Full description of parameters is given [[#Configuration|below]].

  1. Import necessary modules and run optimization.
from chemputeroptimizer import ChemputerOptimizer

co = ChemputerOptimizer('xdl.xdl', 'graph.json')
co.prepare_for_optimization('configuration.json')

# ChemPU related
from chemiler import Chempiler
from AnalyticalLabware.devices import chemputer_devices
import ChemputerAPI

c = Chempiler('experiment_name', 'graph.json', 'output_dir', False, device_modules=[ChemputerAPI, chemputer_devices])

# Run optimization
co.optimize(c)

Interactive mode

Under development

Reference

How does it work???

The optimization workflow is managed using the OptimizeDynamicStep (ODS), which inherits from abstract AbstractDynamicStep and is responsible for dynamic execution of the children steps. In case of ODS, the children steps are taken from the given XDL procedure (i.e., from the XDL object, generated from that procedure). Each iteration is performed as follows:

1. Preparation

  1. New copy of the original XDL object is created.
  2. The parameters for the indicated XDL steps (i.e. those, that are tweaked during optimization) are updated according to the algorithm suggestion.
  3. In case of parallel optimization, several XDL objects are created with corresponding steps parameters and scheduled for parallel execution. Otherwise, a single procedure is just prepared for execution and stored as ODS attribute (called working_xdl).
  4. For single batch optimization, additional iterator is created from the list of working_xdl steps. This iterator is then used to keep track of steps executed, allowing the procedure to be resumed in case of failure.
  5. Callbacks for updating the reaction outcome are added to FinalAnalysis step.
  6. Special steps (i.e. ConstrainedStep, see [[#Constrained Step|below]]) are updated.

2. Execution

Execution is managed by the on_continue method, which outputs a list of steps to be executed. In case of parallel execution, this list is just steps from working_xdl. For single-batch optimization, each step is queried from the steps iterator.

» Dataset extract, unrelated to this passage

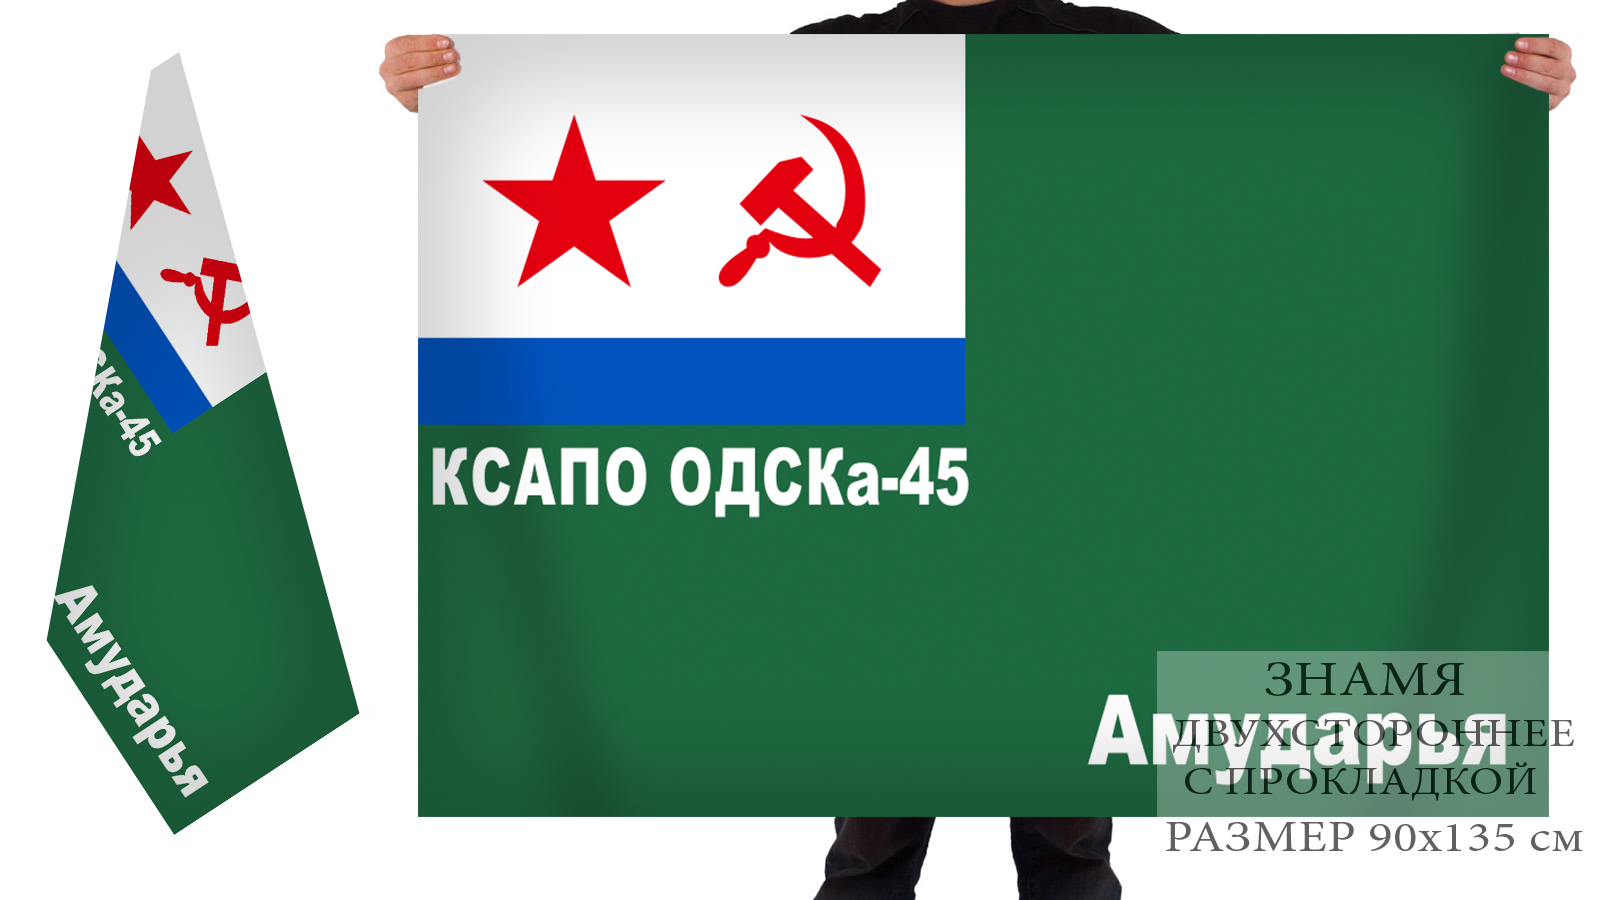 Флаг ОДСКА-45 Амударья Краснознамённого Среднеазиатского пограничного округа
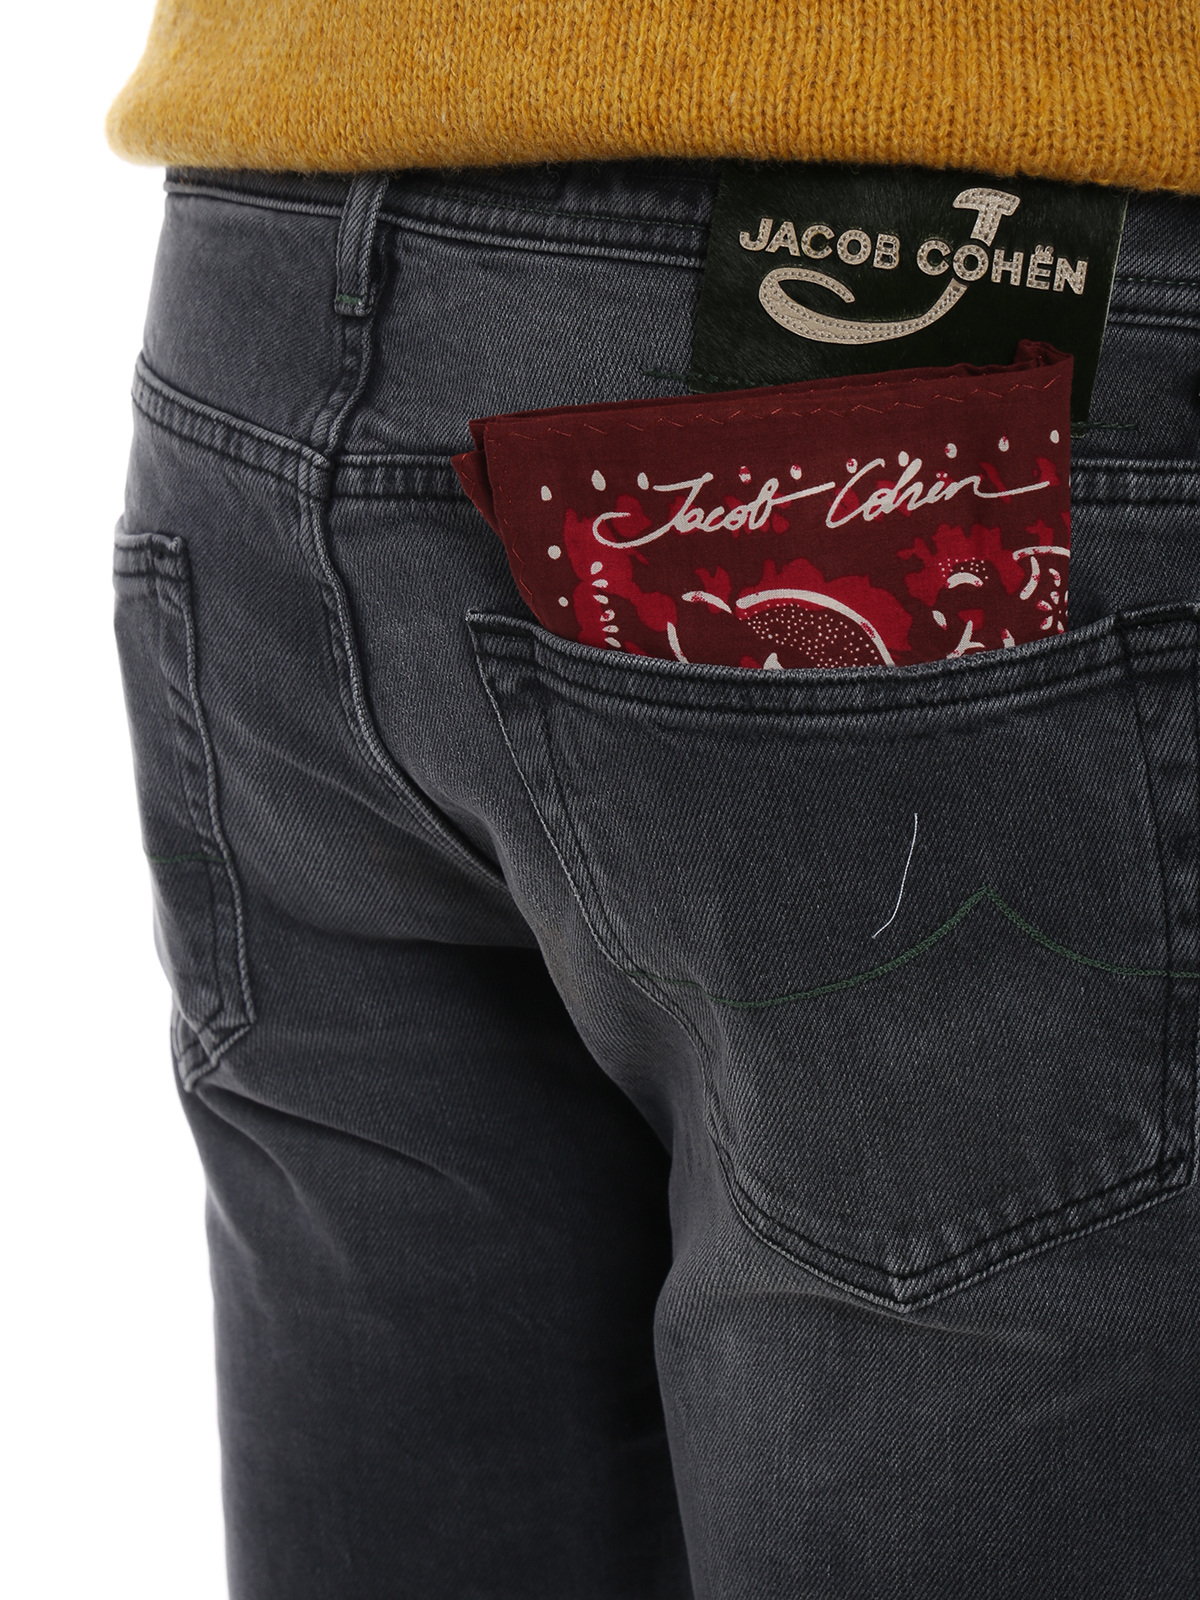 Verdraaiing Verrijking jukbeen Straight leg jeans Jacob Cohen - Style 688 comfort green detail jeans -  J688COMF01136W4

  1. When FinalAnalysis is executed, the spectrum is measured and passed to the callback function, where the reaction outcome (e.g., peak integration) is performed.
  2. The outcome of each batch of optimization is saved in the corresponding folder, including the state of the optimization, list of all parameters and individual XDL file for that particular batch.
  3. When the list of steps to execute is exhausted, the ODS checks for the reagent flasks and wastes volumes, loads the data (parameters and reaction outcome) to the algorithm class and updates the XDL object (see [[#1 Preparation|Preparation]] above).
  4. If any termination criteria is met, the optimization stops.
  5. If control experiment is required, the parameters for that are taken from any of previously performed experiments and analyzed [[#Result processing|specially]].

3. Data management

Each batch is considered completed, when corresponding FinalAnalysis step is performed. Each iteration is considered completed, when no more steps to execute are left.

Upon batch completion the following data is saved: current steps parameters, current XDL procedure, current spectrum.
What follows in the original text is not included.